Boghossian, one of two bioelectronic experts at the EPFL who worked on the five-member project, published the results of this E-coli research Friday in the peer-reviewed scientific journal Joule.  

She noted that the bacteria’s status as ‘the most widely studied microbe’ is part of what makes these findings so significant.

‘E. coli can grow on a wide range of sources, which allowed us to produce electricity in a wide range of environments,’ Boghossian noted, ‘including from waste water.’ 

Boghossian and her team used a process known as extracellular electron transfer (EET) to engineer the bacteria to make them highly efficient electric microbes.

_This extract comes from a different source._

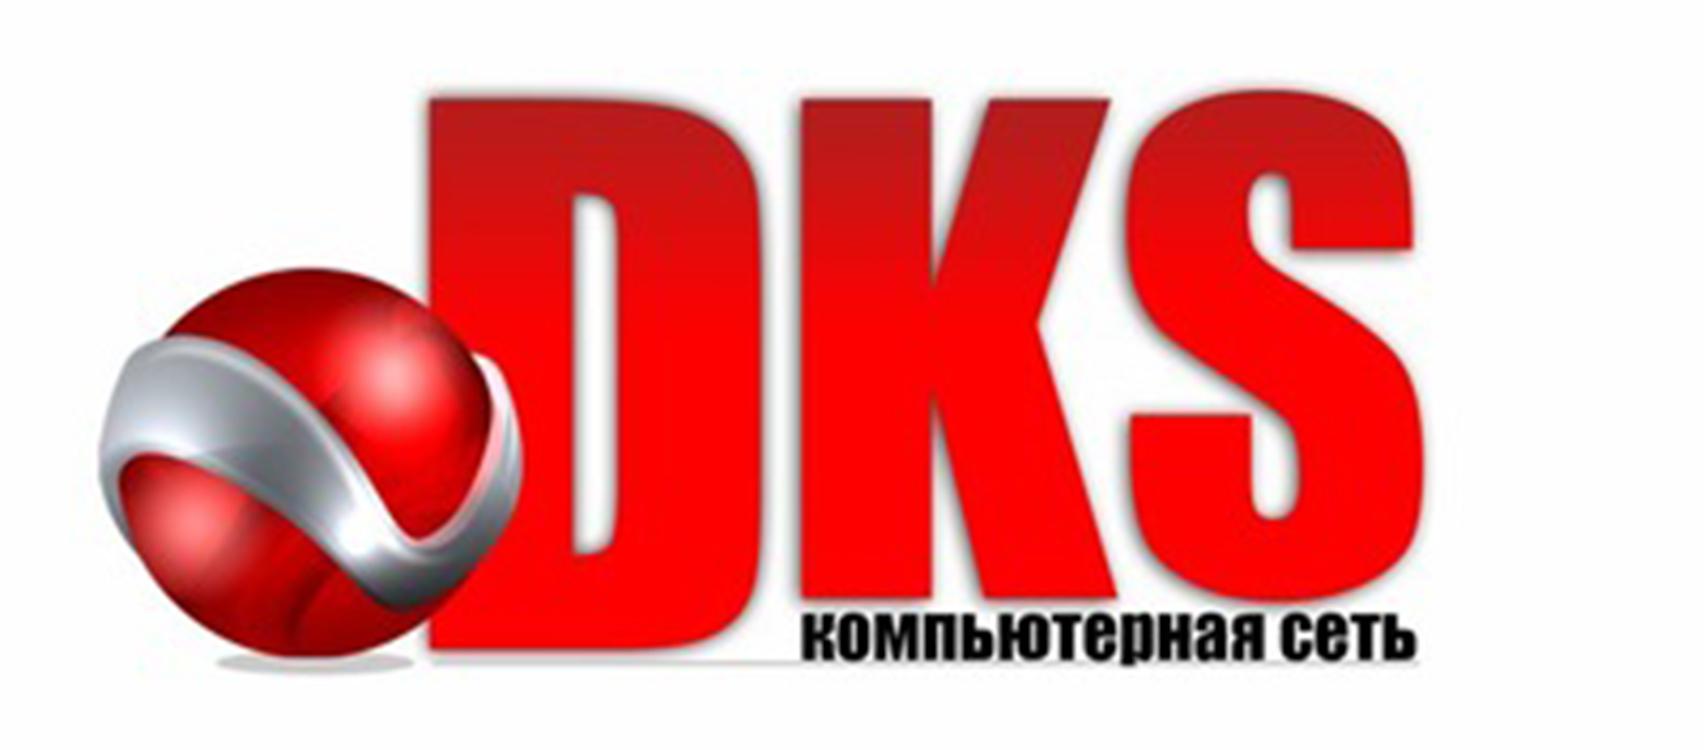 DKC (Житомир)

The researchers hope to see their results scale to big municipal-level waste treatment and energy production projects. Above, a common device used to transport human excrement to modern sewage systems

The researchers hope to see their results scale to big municipal-level waste treatment and energy production projects. Above, a common device used to transport human excrement to modern sewage systems

Creating this complete EET pathway within E. coli, a feat which they report has eluded others, resulted in a bacteria that produced three-times the electrical current generation of conventional strategies for bioelectric bacteria.

The group managed this trick by integrating components from a type of bacterium famous for generating electricity, Shewanella oneidensis MR-1, with their E-coli.

The result was a microbe with an electrical pathway spanning both the inner and outer membranes of each single-celled organisms, expanding their electrical output. 

‘We have set a new record compared to the previous state-of-the-art, which relied only on a partial pathway,’ the study’s lead author Mohammed Mouhib, a doctoral assistant, said. 

Unlike previous efforts to bioengineer such bacteria, the new E. coli strain proved capable of producing electricity while metabolizing a variety of organic substrates.

When the team at EPFL tested their new microbe in beer brewery wastewater — from Les Brasseurs, a local brewery in Lausanne — the electric microbes thrived where strains before it had failed.

‘The exotic electric microbes weren’t even able to survive, whereas our bioengineered electric bacteria were able to flourish exponentially by feeding off this waste,’ according to Boghossian.

They hope to see their results scale up to big municipal-level waste treatment and energy production projects.

‘Instead of putting energy into the system to process organic waste,’ Boghossian said, ‘we are producing electricity while processing organic waste at the same time, hitting two birds with one stone.’ 

The EPFL team said the implications of their study extend beyond waste treatment.

They believe that the engineered E-coli could help power microbial fuel cells and operate special bio-sensors.

‘Our work is quite timely, as engineered bioelectric microbes are pushing the boundaries in more and more real-world applications,’ Mouhib said.

He expressed hope that progress in this field might become more regular. 

‘With all the current research efforts in the field, we are excited about the future of bioelectric bacteria,’ Mouhib said, ‘and can’t wait for us and others to push this technology into new scales.’